News:

Chasing Portraits” Examines the Life of Warsaw-Based Jewish Artist Moshe Rynecki

1970
1945
The Jewish Voice 4 April 2019

 



First Run Features is pleased to announce that Elizabeth Rynecki's documentary Chasing Portraits will open in New York on April 26 and in Los Angeles on May 17.
Elizabeth Rynecki will be present for post-screening Q&A’s opening weekend.

The theatrical premiere comes after playing in a number of sold-out festival screenings worldwide including the San Francisco Jewish Film Festival and the New York Jewish Film Festival.

For more than a decade Moshe’s great-granddaughter, Elizabeth, (pictured above) has searched for the missing art, with remarkable and unexpected success. Her commitment was inspired by the obligation she felt to tell the story of her great-grandfather’s paintings.

Spanning three generations, Chasing Portraits is a deeply moving narrative of the richness of one man’s art, the devastation of war, and one woman’s unexpected path to healing. Moshe Rynecki (1881-1943) was a prolific Warsaw-based artist who painted scenes of the Polish-Jewish community until he was murdered at Majdanek concentration camp. After the Holocaust, Moshe’s wife was only able to recover a small fraction of his work, but unbeknownst to the family, many other pieces survived.

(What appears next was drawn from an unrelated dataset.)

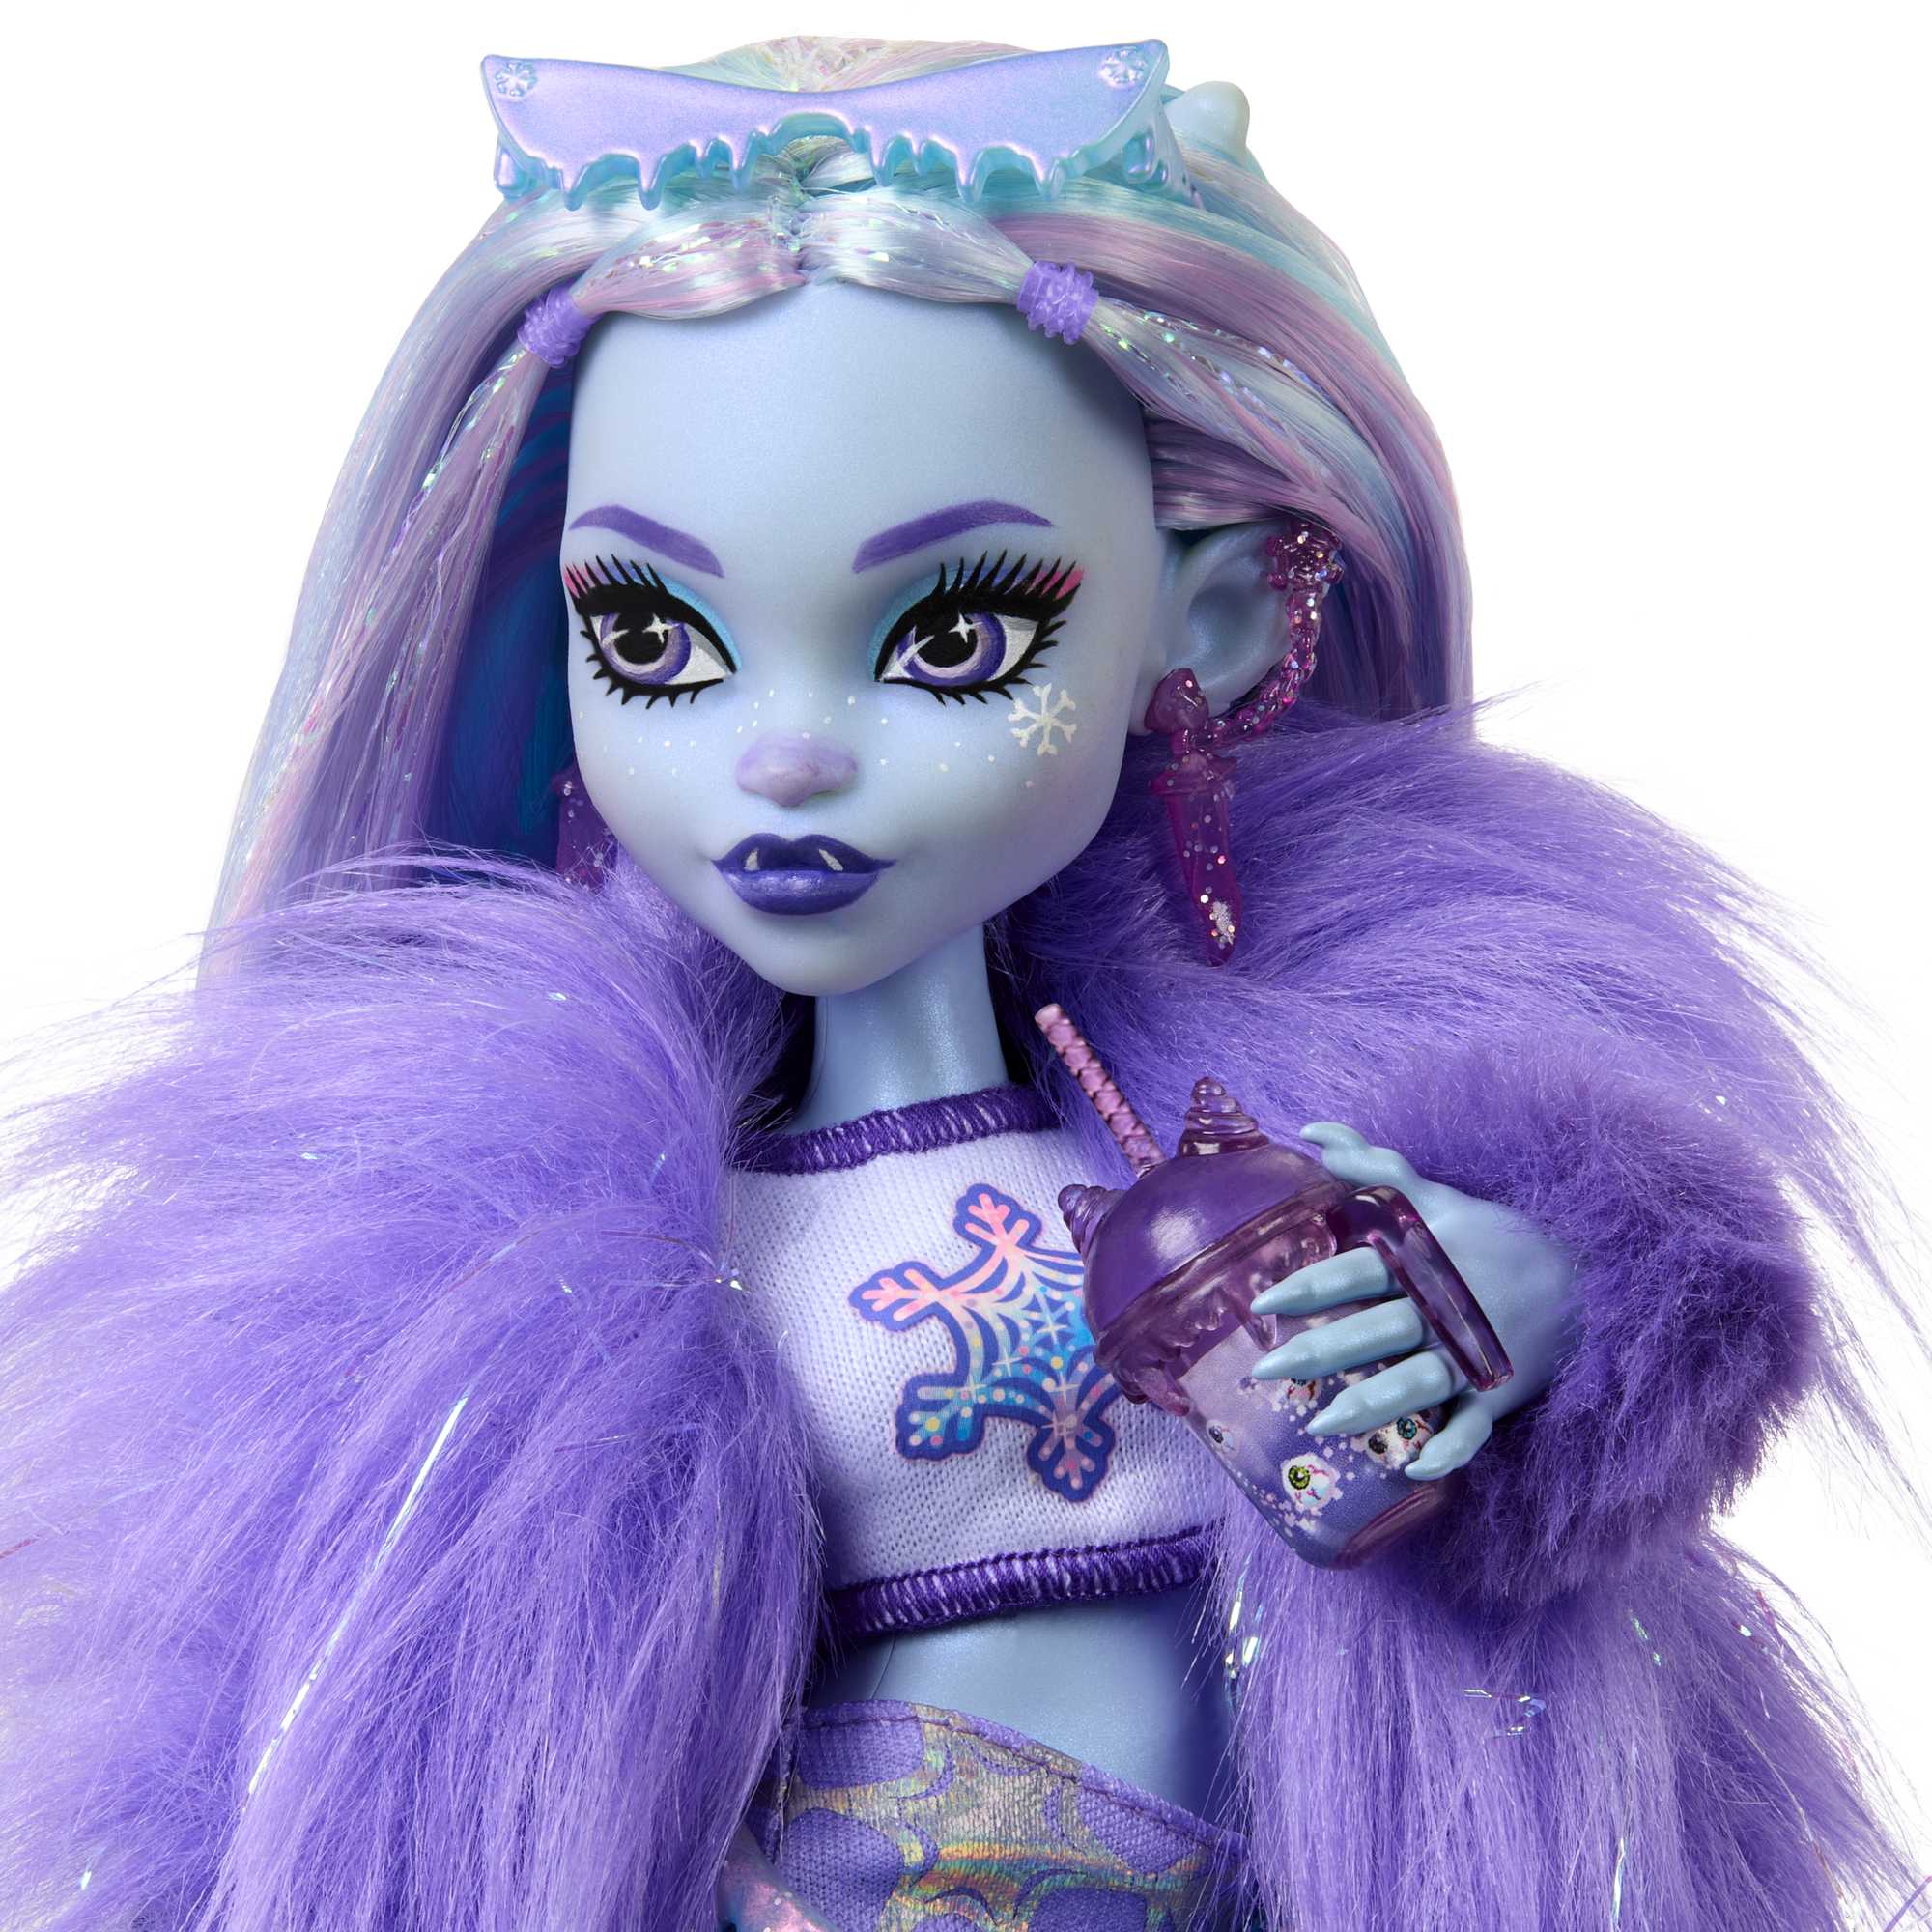 Barbie Monster High Dolls

For more than a decade Moshe’s great-granddaughter, Elizabeth, has searched for the missing art, with remarkable and unexpected success. Her commitment was inspired by the obligation she felt to tell the story of her great-grandfather’s paintings. Her family lost most everything in the war; given how much of Warsaw was destroyed, and how few Polish Jews survived, it is a miracle that her father, grandparents – and any of her great-grandfather’s paintings – survived at all.

Director’s Statement

I grew up surrounded by my great-grandfather’s paintings; they were prominently displayed on the walls of my family home. I understood from an early age that his art connected me to a history that, while not exactly my own, still overshadowed my life. When I started the project, it felt critical to me to document the history and share the art. It’s been eye opening to see how contemporary politics and a significant increase in anti-Semitic incidents around the world have enhanced the importance and relevance of the film for today’s audiences. My documentary is focused on my great-grandfather’s art and my quest for his lost paintings, but inevitably draws attention to larger themes about the long reaching impacts of war and what it means to be a refugee. I feel like the film is a statement not only about my great-grandfather’s art and issues surrounding Holocaust era looted art, but about the role of art and the artist.

I’m often asked why I am not a claimant fighting for the return of my great-grandfather’s paintings. My great-grandfather painted because he was passionate about the Polish-Jewish community and he wanted to record the people he knew and loved. Getting paintings back is only one form of justice. Being able to share my great-grandfather’s art with others is a form of social and historical justice. Seeing audiences discover his work feels like an enormous win.

I hope that after seeing my great-grandfather’s art, audiences will love it and gain a better understanding of the rich and vibrant world of Polish-Jewish art that was lost during the war. If the film inspires audiences to be curious about their own family history, that would be ideal. I also hope that by sharing my own personal experiences navigating my family’s Holocaust legacy, audiences will begin to see how the effects of war cascade down to subsequent generations.